_EXERCISE MATERIAL_
==================================================

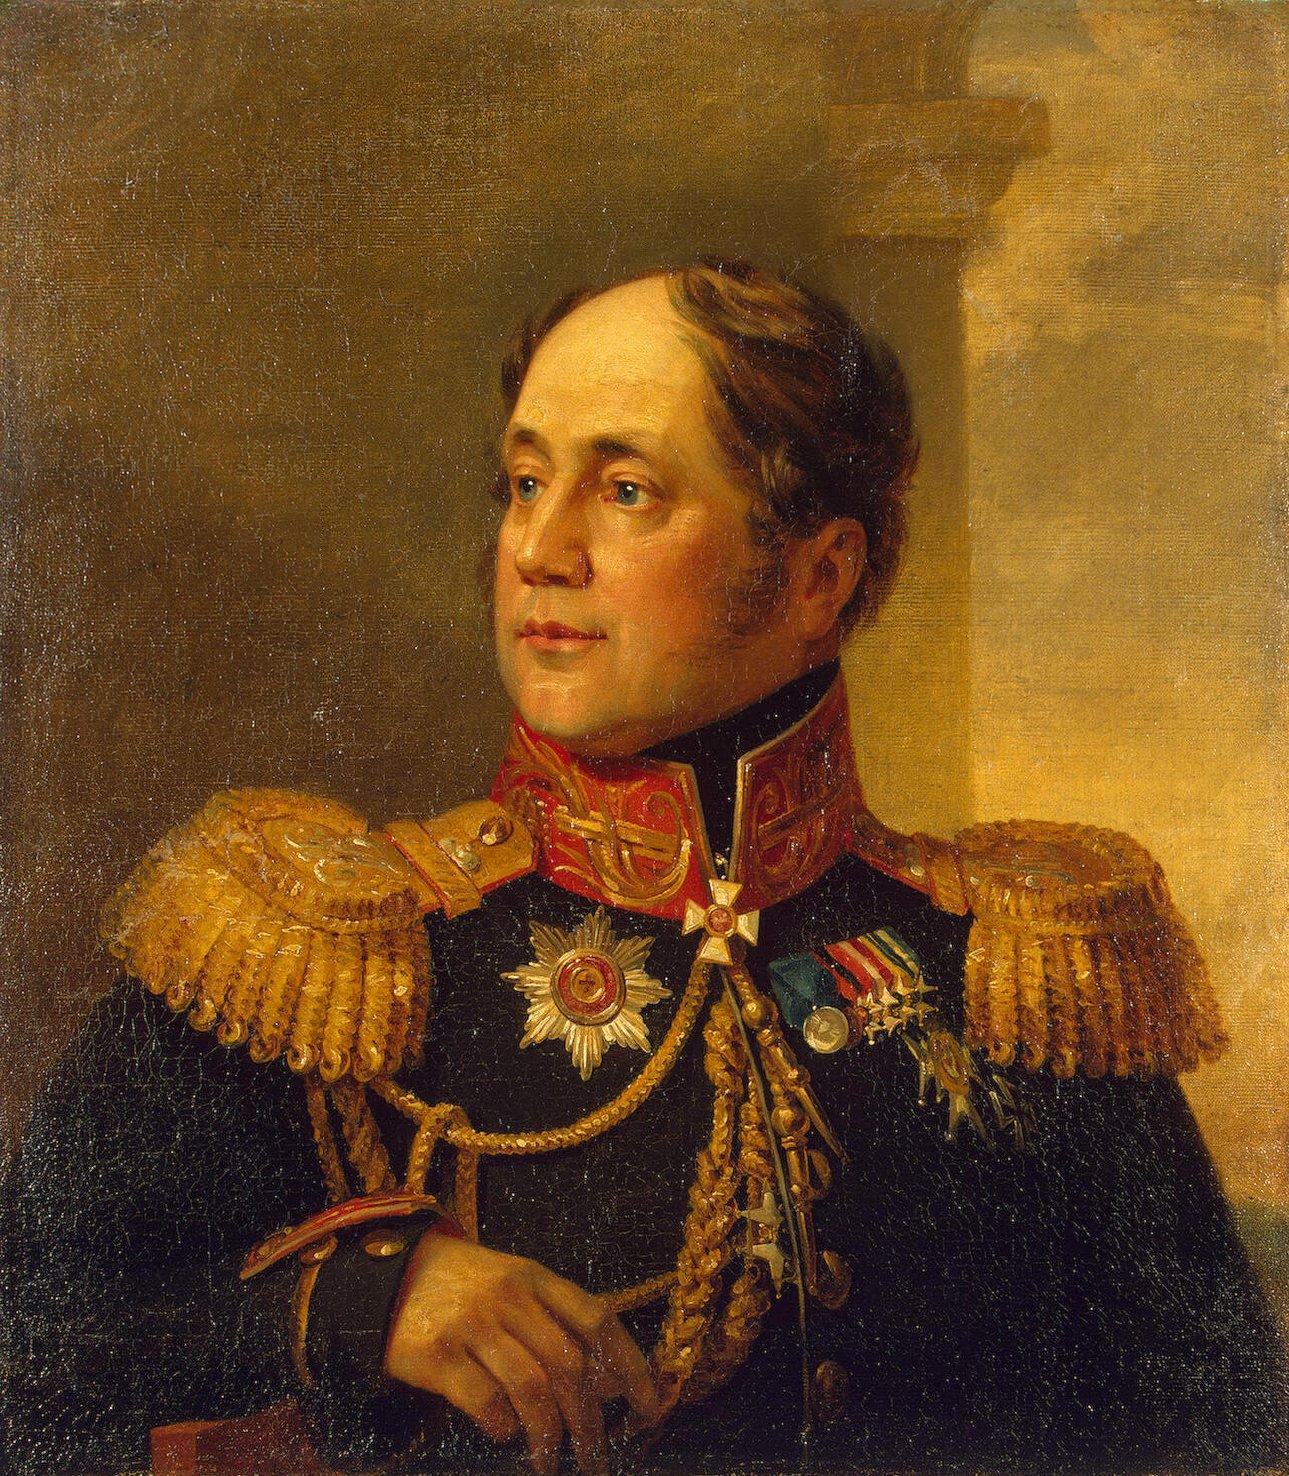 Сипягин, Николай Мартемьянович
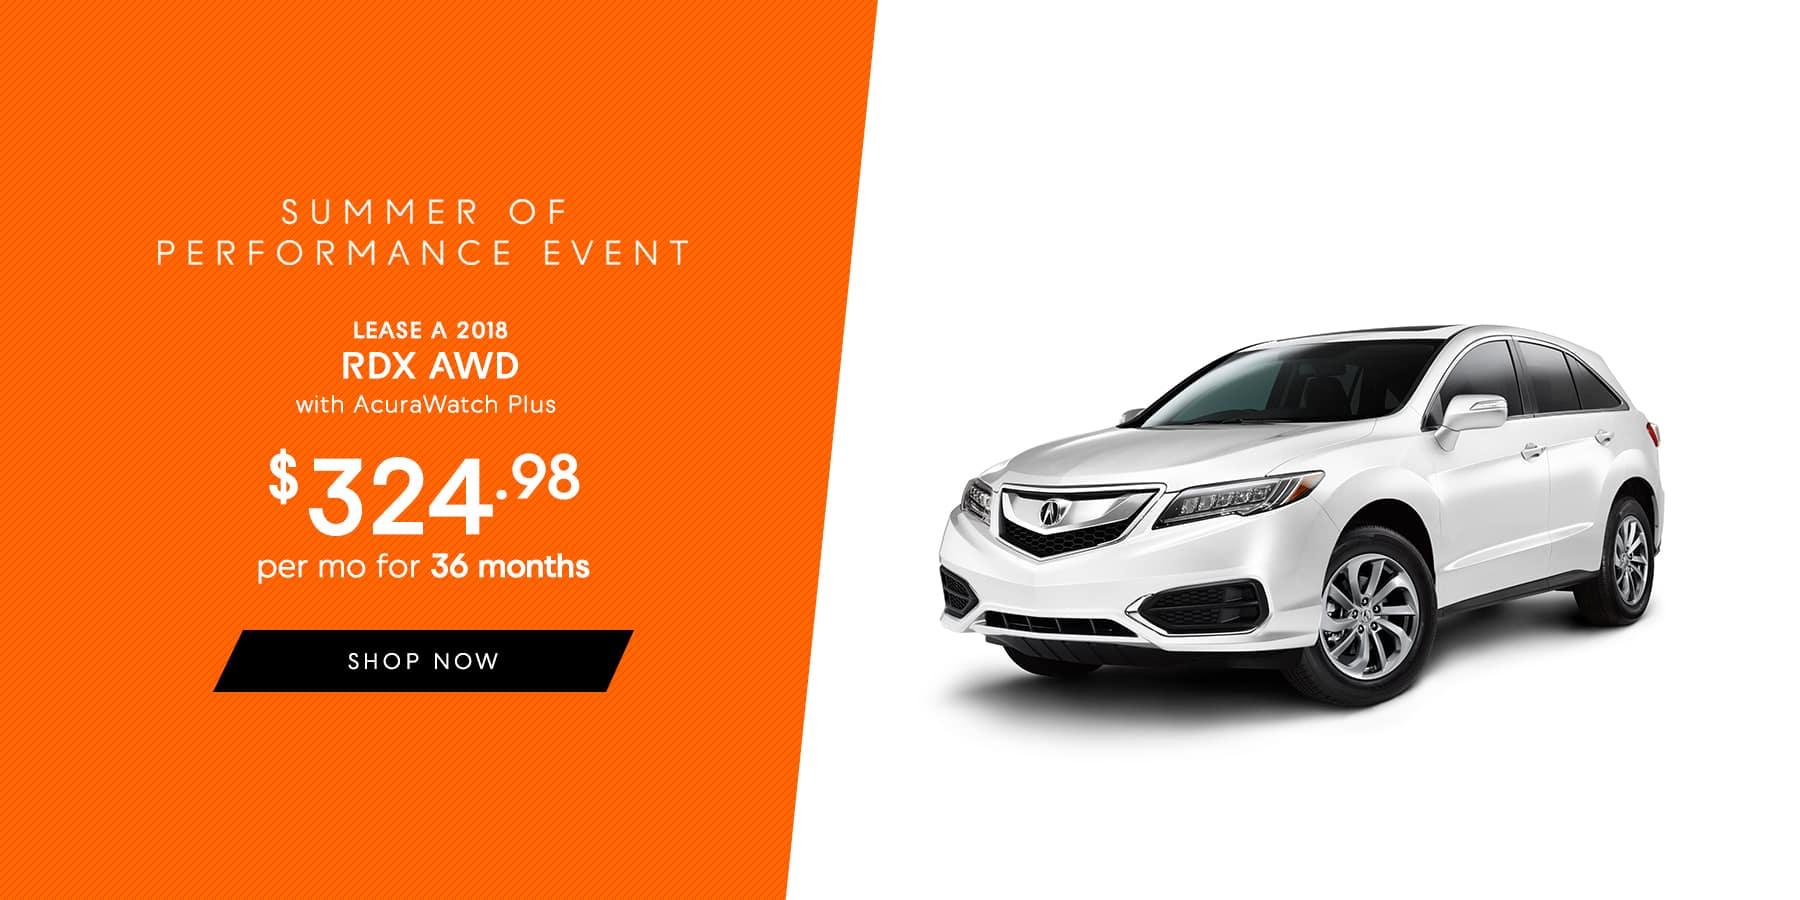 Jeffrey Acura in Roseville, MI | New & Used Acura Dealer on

==================================================

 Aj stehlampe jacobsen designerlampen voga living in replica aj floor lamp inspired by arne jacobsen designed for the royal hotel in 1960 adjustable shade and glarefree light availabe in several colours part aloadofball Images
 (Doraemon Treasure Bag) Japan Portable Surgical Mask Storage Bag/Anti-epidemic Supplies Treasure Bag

==================================================

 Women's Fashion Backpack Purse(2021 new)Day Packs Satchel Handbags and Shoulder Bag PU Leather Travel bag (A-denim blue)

==================================================

_BRIEF_
Give again the stretch of lines above from the one with "Сипягин, Николай Мартемьянович" through the one with "Jeffrey Acura in", both ends kept, and copy no pictures.

_SOLUTION FOR THIS TASK_
 Сипягин, Николай Мартемьянович
 Jeffrey Acura in Roseville, MI | New & Used Acura Dealer on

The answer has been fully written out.